Deep radiomic signature with immune cell markers predicts the survival of glioma patients
Ahmad Chaddad, Paul Daniel Mingli Zhang, Saima Rathore, Paul Sargos,, Christian Desrosiers, Tamim Niazi

TL;DR
This study introduces deep radiomic features derived from MRI scans that correlate with immune cell markers and predict survival in glioma patients, offering a non-invasive biomarker for treatment response.
Contribution
The paper presents a novel deep radiomic feature extraction method from CNNs that links MRI tumor textures to immune markers and survival outcomes in glioma patients.
Findings
High correlation between DRFs and immune cell markers.
Significant survival prediction accuracy with AUC of 72%.
DRFs improve non-invasive prognosis of glioma patients.
Abstract
Imaging biomarkers offer a non-invasive way to predict the response of immunotherapy prior to treatment. In this work, we propose a novel type of deep radiomic features (DRFs) computed from a convolutional neural network (CNN), which capture tumor characteristics related to immune cell markers and overall survival. Our study uses four MRI sequences (T1-weighted, T1-weighted post-contrast, T2-weighted and FLAIR) with corresponding immune cell markers of 151 patients with brain tumor.
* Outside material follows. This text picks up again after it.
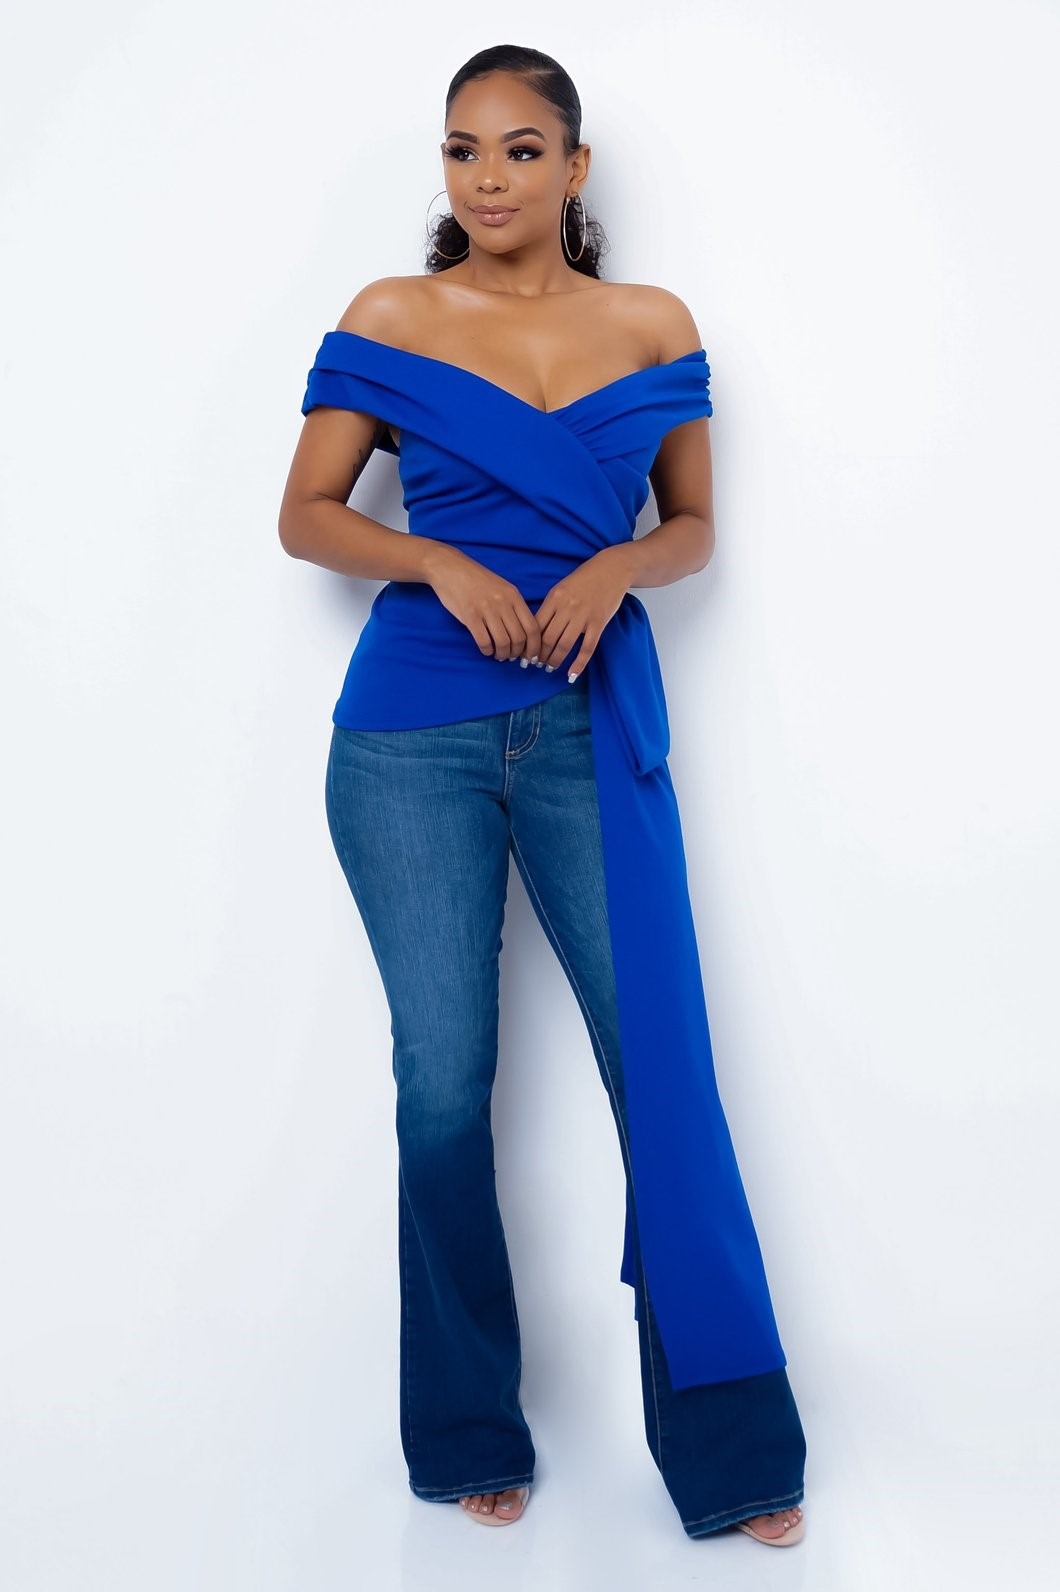 Off Shoulder Side Sash Royal Blue Top Critique' Boutique - Online Clothing, Women's Clothing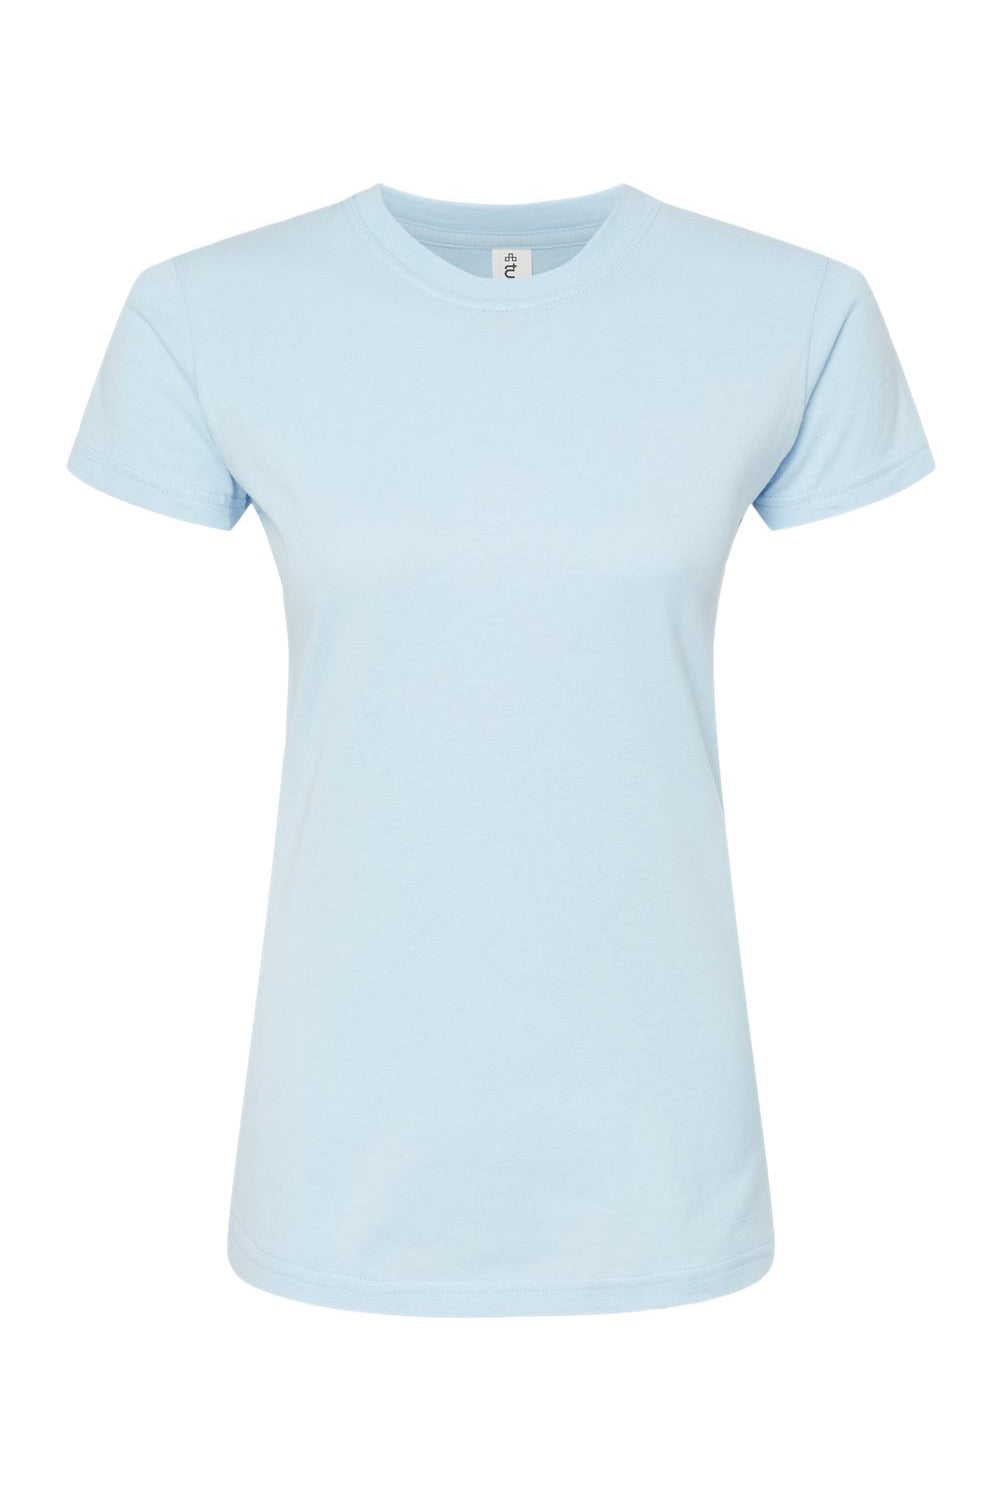 Tultex 213 Womens Fine Jersey Slim Fit Short Sleeve Crewneck T-Shirt Baby Blue Flat Front

The proposed method extracts a total of 180 DRFs by aggregating the activation maps of a pre-trained 3D-CNN within labeled tumor regions of MRI scans. These features offer a compact, yet powerful representation of regional texture encoding tissue heterogeneity. A comprehensive set of experiments is performed to assess the relationship between the proposed DRFs and immune cell markers, and measure their…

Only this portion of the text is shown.